Тимур-Ян закивал так яростно, что грязные волосы захлестали его по лицу:

— Птицы! Да, птицы! Черные, как безлунная ночь! Размером с большую лодку, если крылья расправят — вдвое длинней весел расставленных будут! Головы у них лысые, как у грифов, но клювы загнутые, острые, как сабли! А когти… если такая схватит, то унесет ввысь, и ничего не сделаешь! Даже лошадь унесет! И быка! И повозку!

— Откуда такие птицы? — спросил я.

— С северных гор, где вечный снег лежит! Шаманы приманили их запахом крови и мяса, приручили свистом особым. Я слышал этот свист — от него кровь в жилах стынет! Птицы слетаются на него, садятся рядом с шаманами и едят у них из рук мясо!

— Врешь ты все, собака! — рявкнул вдруг Мещеряк, вскочив с места. — Засланный ты лазутчик, чтобы панику в городе сеять!

Он выхватил саблю, приставил острие к горлу татарина:

— Признавайся сейчас же, кто тебя послал! Признаешься — может, живым оставим. Не признаешься — зарублю на месте!

Тимур-Ян даже не дрогнул. Он смотрел на Мещеряка безумными глазами и говорил ровным голосом:

— Убей меня, казак. Мне все равно. Я все это видел.

Мещеряк нехотя отошел и вложил саблю в ножны.

Атаман встал, прошелся по избе, остановился у окна, выглянул в морозную темноту. Потом повернулся к татарину:

— А расскажи-ка нам еще про этих северных людей. Как они выглядят точно? Как одеты? Чем вооружены?

Тимур-Ян сел на пол, подтянул колени к груди:

— Лица у них… почти человеческие, но не совсем. Лбы низкие, покатые. Брови сросшиеся, густые. Носы приплюснутые, с большими ноздрями. Но страшнее всего — глаза. Желтые, как у волка, и светятся в темноте! Я видел ночью — идут они по лагерю, и глаза их светятся, как у зверей!

— А одежда? — настаивал Ермак. — Говори быстро, не думая!

— Шкуры носят необработанные, просто накинутые на плечи, — ответил татарин почти скороговоркой. — Мороз им нипочем! Тела их покрыты густой черной шерстью, как я говорил. На ногах — ничего, ступни у них огромные, пальцы длинные, почти как руки. Видел я — один такой залез на дерево, цепляясь ногами за ветки, как обезьяна!

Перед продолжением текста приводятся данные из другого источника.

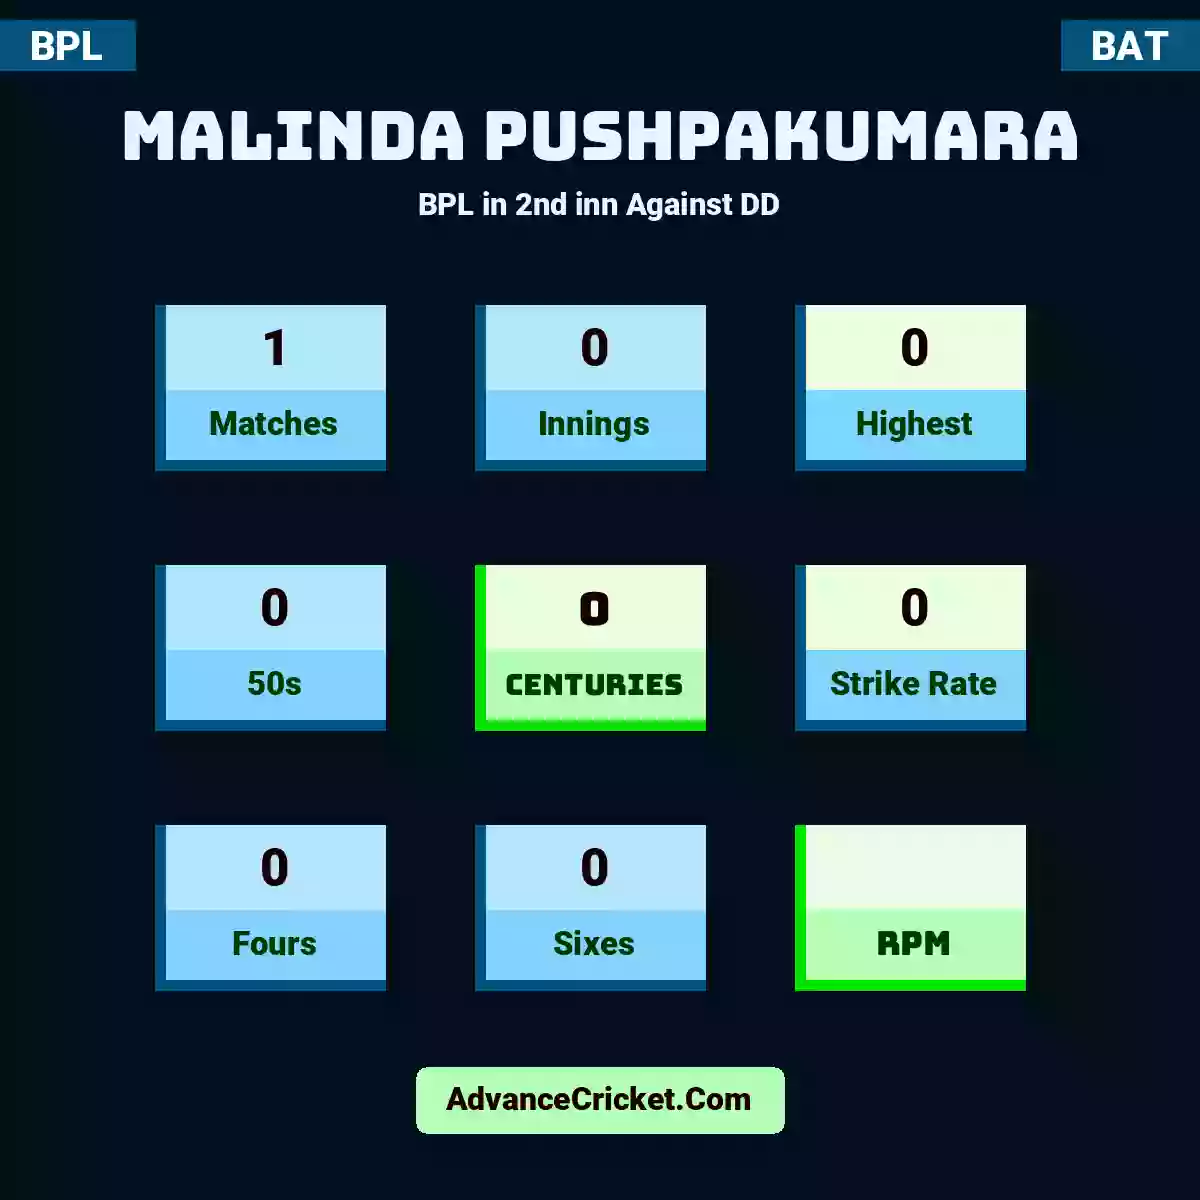 Malinda Pushpakumara BPL  in 2nd inn Against DD, Malinda Pushpakumara played 1 matches, scored 0 runs as highest, 0 half-centuries, and 0 centuries, with a strike rate of 0. M.Pushpakumara hit 0 fours and 0 sixes.

— Чем вооружены? — спросил Лиходеев.

— Дубины у них деревянные! Огромные! Одним ударом человека пополам перешибет! А еще копья из дерева заостренного! Но главное оружие у них — зубы и когти.

Иван Кольцо покачал головой:

— Может, горячка у него? Глянь, как глаза блестят.

— Нет у меня горячки! — закричал Тимур-Ян. — Я здоров! Я все помню! Вот, смотрите!

Он вытащил из-за пазухи какой-то предмет, бросил на стол. Это был клык — огромный, желтоватый.

— Что это? — спросил Ермак, взяв клык в руки.

— Клык того северного человека! Выпал у него, когда он рвал зубами мясо! Я подобрал, когда они ушли!

Мы все столпились вокруг стола, разглядывая находку. Клык был настоящий, в этом сомнений не было. Однако чей? Я не большой специалист в клыках, но уже повидал их тут много всяких. И медвежьих, и волчьих, и других. Но те были меньше, и не такой формы. Какое-то безумие, честное слово.

— Что еще можешь рассказать? — спросил Ермак, вертя клык в руках.

— Еще там колдуны из Бухары! — Тимур-Ян снова оживился. — Привезли они порох особый, что горит под водой! И пушки медные, стреляющие ядрами! Попадет такое ядро в стену — и нет стены, сгорает дотла!

— Сколько пушек? — деловито спросил Лиходеев.

— Двенадцать больших и двадцать малых. И пороху — много бочек!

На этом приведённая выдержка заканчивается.